Еще раз, но уже не настойчиво показал он ей на перевитый вокруг черемухи хмель, и она утомленно объяснила:
— Жаркое лето было. Вот и нету шишек. Нитки да листья одни. Хмелю сырость надо.
Он устал, обвис на костылях, и она пожалела, что послушалась его и не вызвала подводу. Часто садились отдыхать возле стогов. Он мял в руках сено, нюхал. И взгляд его оживлялся. Сено, видать, он уже чуял по запаху.
На покосах свежо зеленела отава, блекло цвели погремки и кое-где розовели бледные шишечки позднего клевера. Небо, отбеленное по краям, было тихое, ясное, неназойливо голубело. Предчувствие заморозков угадывалось в этой призрачной тишине.
Ближе к поселку Сергей ничего уже не выспрашивал, суетливо перебирал костылями, часто останавливался. Лицо его подтаяло, на верхней губе выступил немощный, мелкий пот.

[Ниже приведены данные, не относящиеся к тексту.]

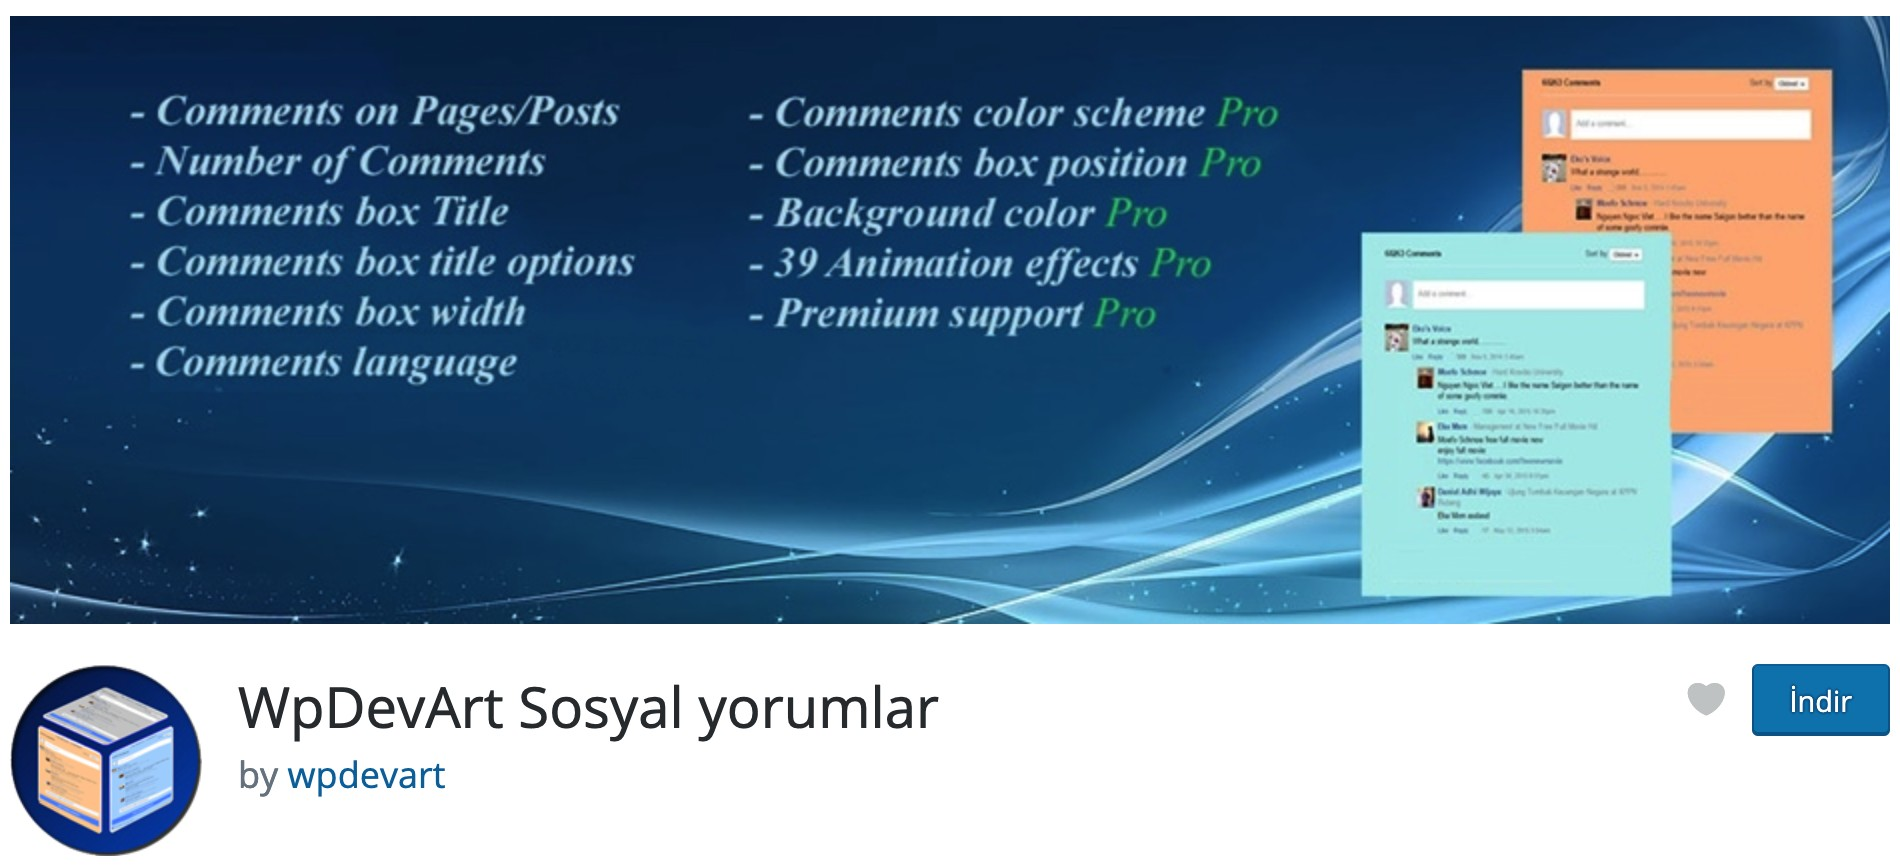 WordPress Sosyal Yorumlar

Поселок с пустыми огородами на окраинах выглядел голо и сиротливо среди нарядного леса. Дома в нем постарели, зачернились, да и мало осталось домов. Мелкий лес вплотную подступал к домам. Подзарос, запустел поселок. Не было в нем шума и людской суетни. Даже и ребятишек не слышно. Только постукивал в глуби поселка движок и дымила наполовину сгоревшая артельная труба, утверждая собою, что поселок все-таки жив и идет в нем работа.
— М-мама? — повернулся Сергей к Пане.
— Мама все гляденья, поди, проглядела. Давай я тебе помогу в гору. Давай, давай!..

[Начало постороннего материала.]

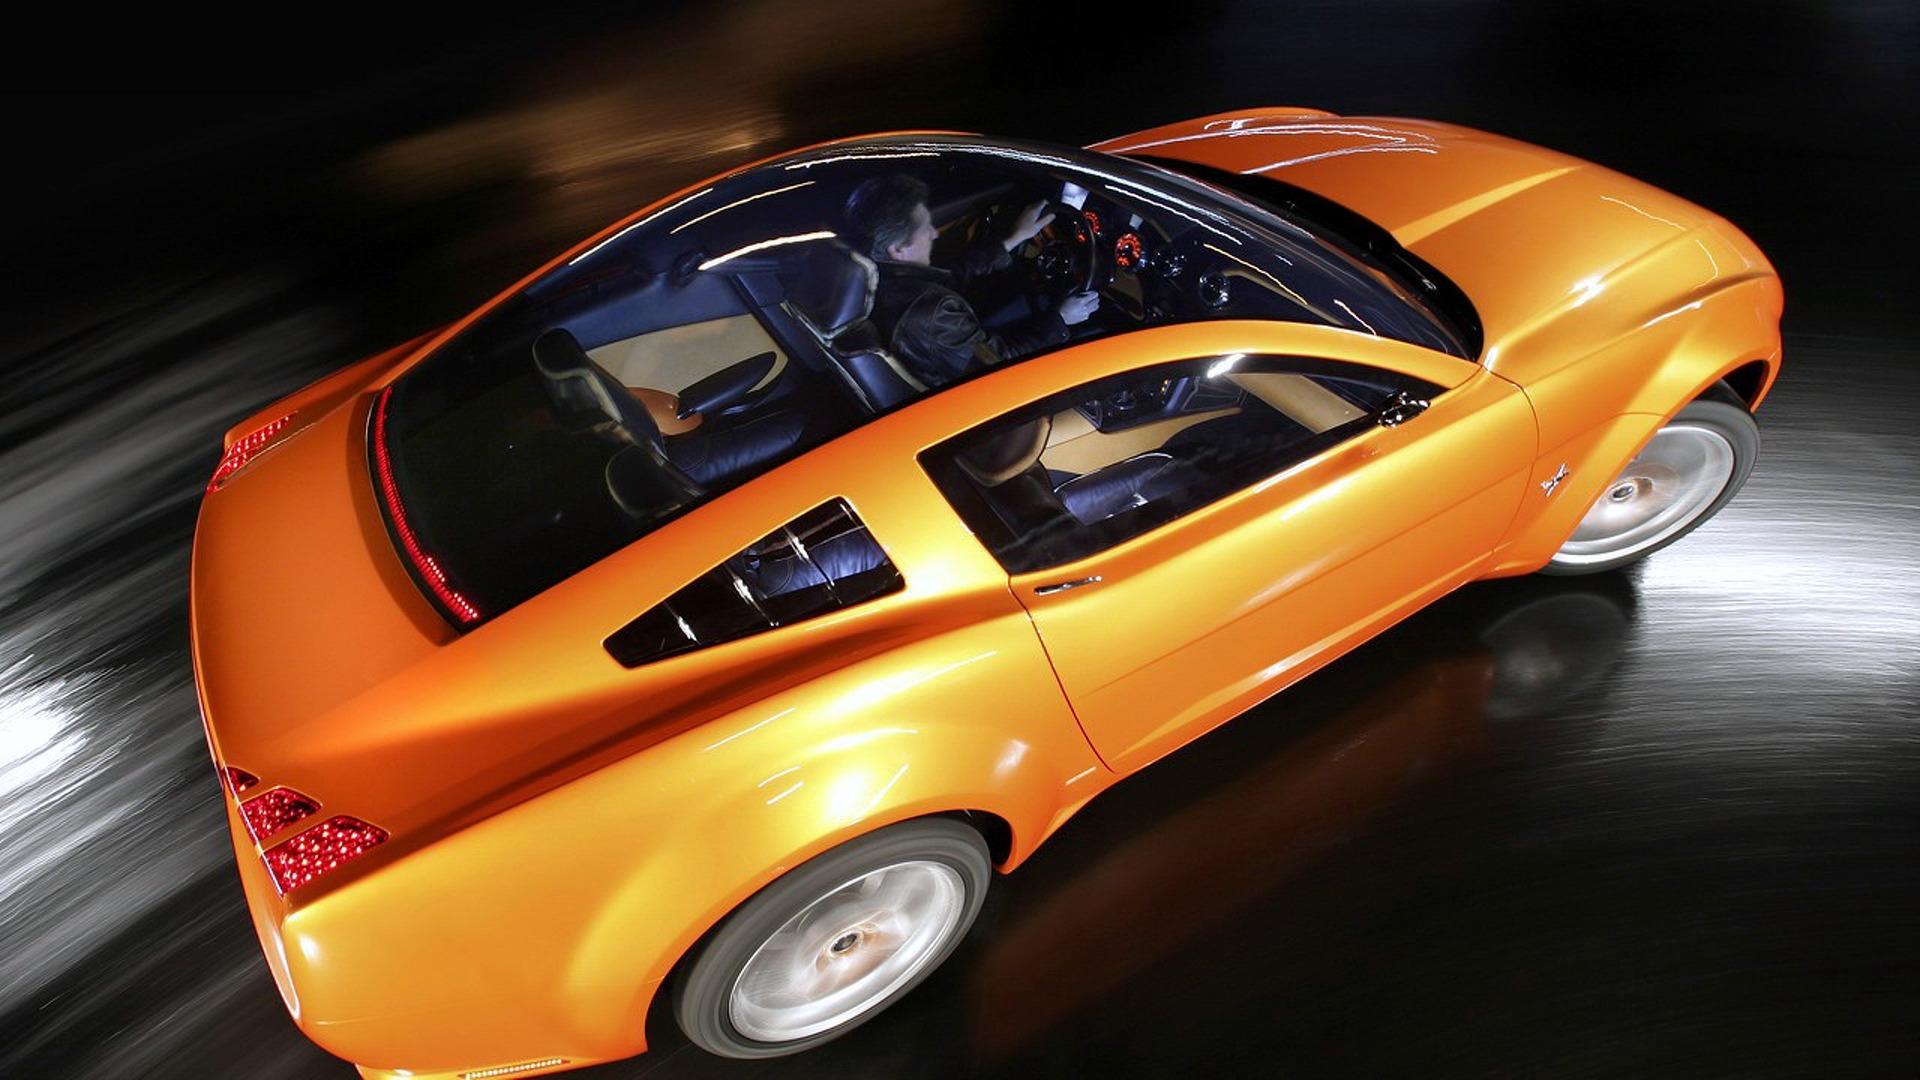 2006-ford-mustang-giugiaro-concept (20)

Она отобрала у Сергея костыли, почти взвалила его на себя и выволокла в гору, но там костыли ему вернула, и по улице они шли рядом, как полагается.
— Красавец ты наш ненаглядный! — заголосила Панина мать. — Да чего же они с тобой сделали, ироды ерманские-е?! — и копной вальнулась на крыльцо. Зятя она любила не меньше, а показывала, любит больше дочери. Он стоял перед ней худенький, вылежавшийся в душном помещении и походил на блеклый картофельный росток из подпола.
— Так и будете теперича? Друг на дружку глядеть? — прикрикнула Паня.
Старуха расцеловала Сережку увядшими губами и, помогая ему подняться на крыльцо, жаловалась:
— Заела она меня, змея, заела… Теперь хоть ты дома будешь… — И у нее заплясали губы.
— Да не клеви ты мне солдата! — уже с привычной домашней снисходительностью заворчала Паня, глядя на мать и на мужа, снова объединившихся в негласный союз, какой у них существовал до войны.
Всякий раз, когда приходилось идти от Пихтовки в поселок одному, Сергей Митрофанович заново переживал свое возвращение с войны.
Меж листовника темнели таившиеся до времени ели, пихты, насеянные сосны и лиственницы. Они уже давили пустырный чад — ивняк, бузину, малинник, осину и березник. Липы вперегонки с хвойняком тянулись ввысь, скручивали ветви, извертывались черными стволами, но места своего не уступали.
И стогов на вырубках поубавилось — позаросли покосы. Но согры затягивало трудно. Лесишко на них чах и замирал, не успевши укрепиться.
По косогорам испекло инеем поздние грибы. Шапки грибов пьяно съехали набок. В озерины и лужи падала прихваченная черемуха и рябина, капелью решетила воду. Шорохом и вздохами наполнены старые вырубы.
Через какое-то время здесь снова начнется заготовка леса, а пока сводят старые березники. До войны березы не рубили. Когда прикончили хвойный лес, свернули участок лесозаготовителей и открыли артель по производству мочала и фанеры.